Reel Good: Callaway duo Drake Bishop and Kaleb Garrett are the first Troup County team to compete at the TBF Junior World Championship

Published 8:15 am Wednesday, August 3, 2022

The Callaway Middle School fishing duo of Drake Bishop and Kaleb Garrett made waves last week as they finished 26th in the world at the TBF Junior World Championship in Paris, Tennessee. 

“It’s exciting because it’s the national championship, and not many people make it there,” Bishop said.

It ended up being an extremely exclusive club as only 46 teams from around the country earned a spot at the Junior World Championship. The teams came from as far and wide as California and Ontario, Canada among others. The Callaway duo was one of only four teams from the state of Georgia and the first from Troup County to qualify for this tournament. Drake and Kaleb finished as the highest placed Georgia team at the national championship, something both boys take a tremendous amount of pride in.

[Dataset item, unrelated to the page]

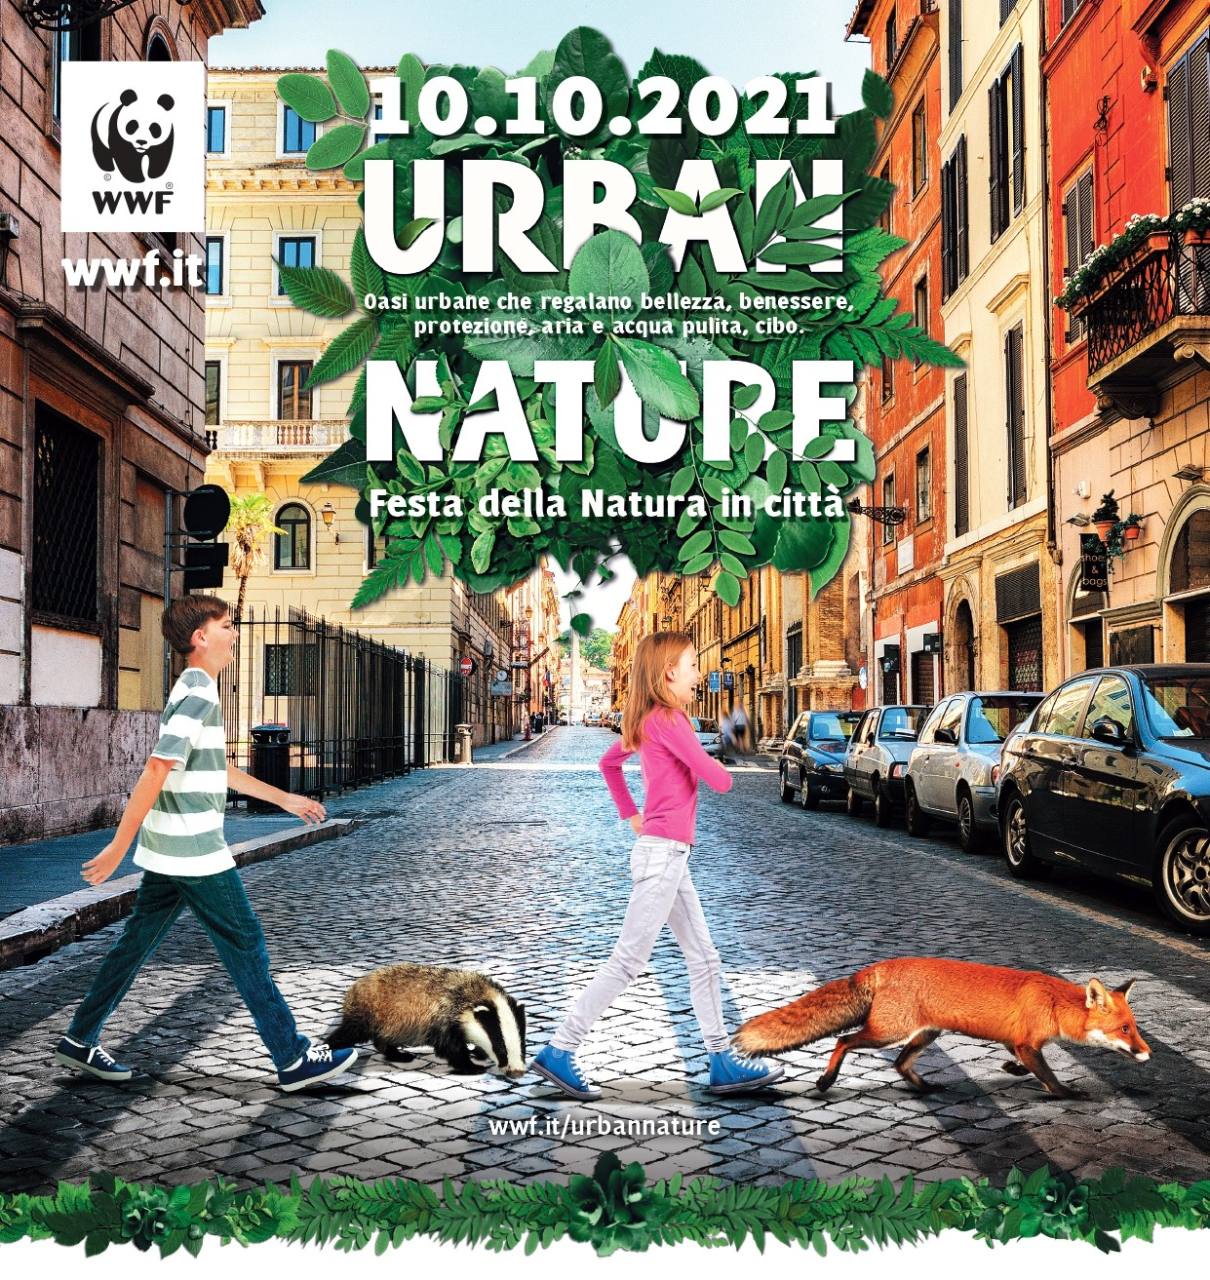 WWF, Urban Nature 2021 la Festa della Natura in città, torna domenica 10 ottobre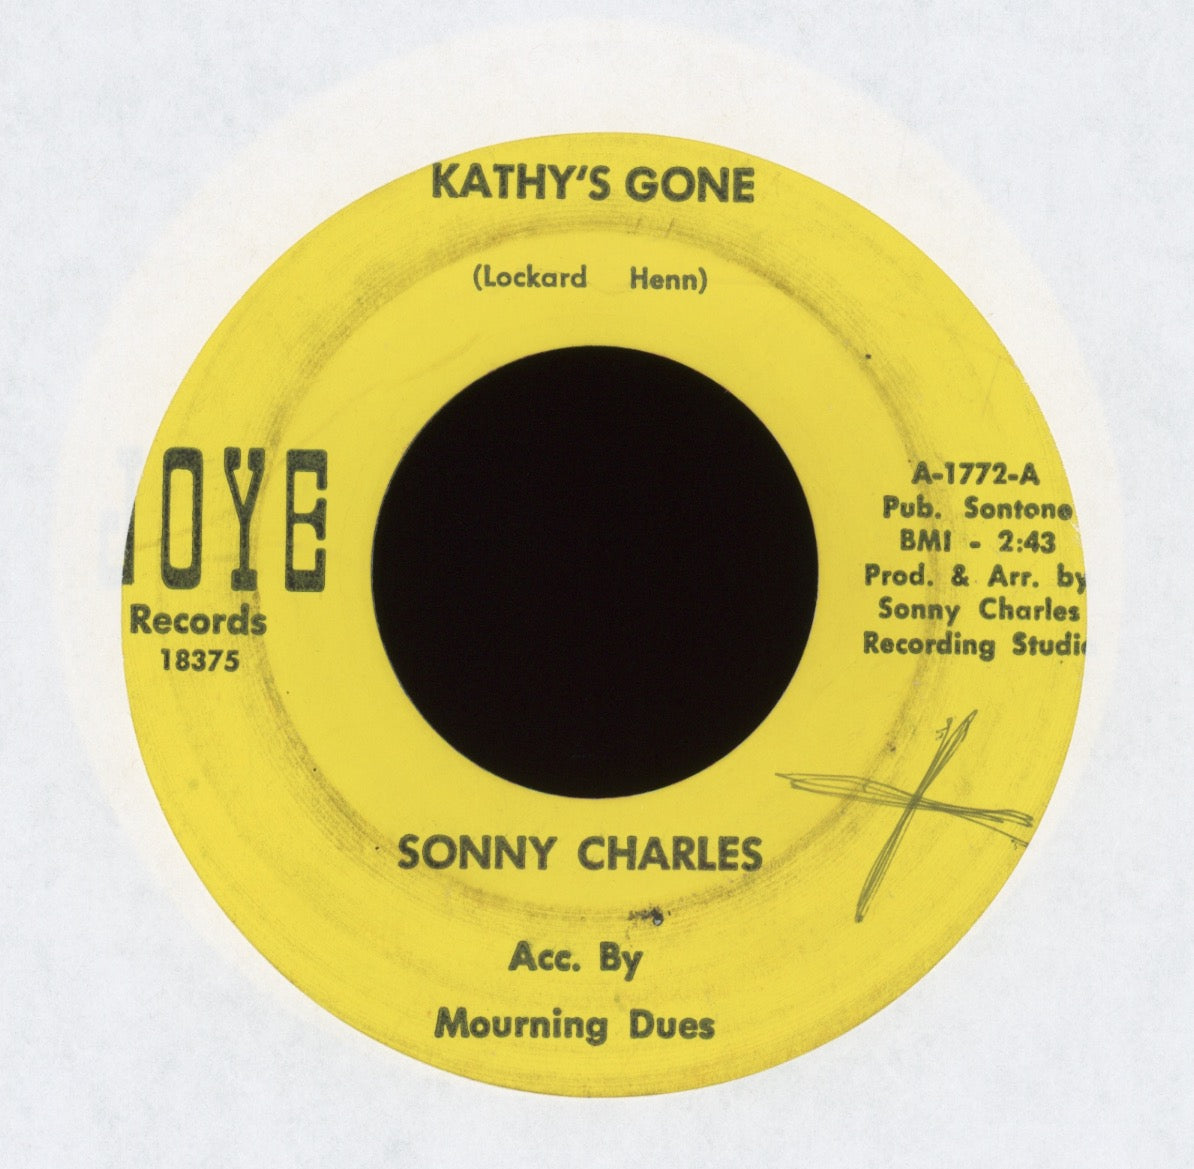 Sonny Charles - Kathy's Gone on JOYE Teen 45

The duo has been fishing together since the sixth grade. While other fishers lose their partner and have to adapt to new ones every year or so, Drake and Kaleb have been able to build a chemistry on the water. 

“They’ve come a long way,” boat captain Brent Bishop said. “They’ve become a team and have really grown together.” 

The journey was not always easy, but the two boys have formed a bond that helps them on the water as well as off of it. 

“If you move from partner to partner, you don’t know who can do what,” Drake said. “We know each other’s strengths and weaknesses, which really helps us.” 

This familiarity came in hand this past week as the team had to battle some adverse conditions. Multiple rain showers caused the lake to become choppy with waves over five feet tall. The weather conditions got so bad last Tuesday that the team had to tie the boat under a bridge and hold out until the bad weather moved out. 

It was not just the rain that caused the boys some problems, it was the heat as well. The heat index regularly tipped the scales of over 110 degrees. The heat got so bad that it melted the trailer jacks on the asphalt. The team was on the water for 8 to 12 hours at a time, which proved to be exhausting for the whole crew. 

“It was tough, really tough,” Kaleb said. “This is right up there with the toughest weather we’ve faced.”

Weather was not the only adversity that the team faced. Spotted bass are classified differently in the state of Tennessee than in Georgia. The jawline for the spotted bass in Tennessee is just centimeters longer than its Georgian counterpart. On the first day of competition, the boys caught three fish, but two of the fish did not meet the Tennessee qualifications.The team was docked points, which meant that they essentially came out of day one with nothing.

“It took their heart out of it that first day,” reserve boat captain Brad Garrett said. “Morale on the boat was really bad.”

The team went from around 5.5 lbs to nothing in a blink of the eye. The duo was on pace for a possible top 10 or even top five finish before being notified that two of their three fish were not up to the standard. 

The boys recovered on day two and battled through the lingering disappointment from the first day. Instead of packing their bags and finishing toward the bottom of the standings, the team rallied and was able to finish 26th in the world in their final competition as middle schoolers. 

“This journey has been fun,” Kaleb said. 

While their middle school journeys are coming to a close, their high school careers are peeping above the horizon line. While their first official competition as members of the high school team does not start until September, August will be full of grunt work as the team tries to acquire sponsors and raise money for the upcoming season.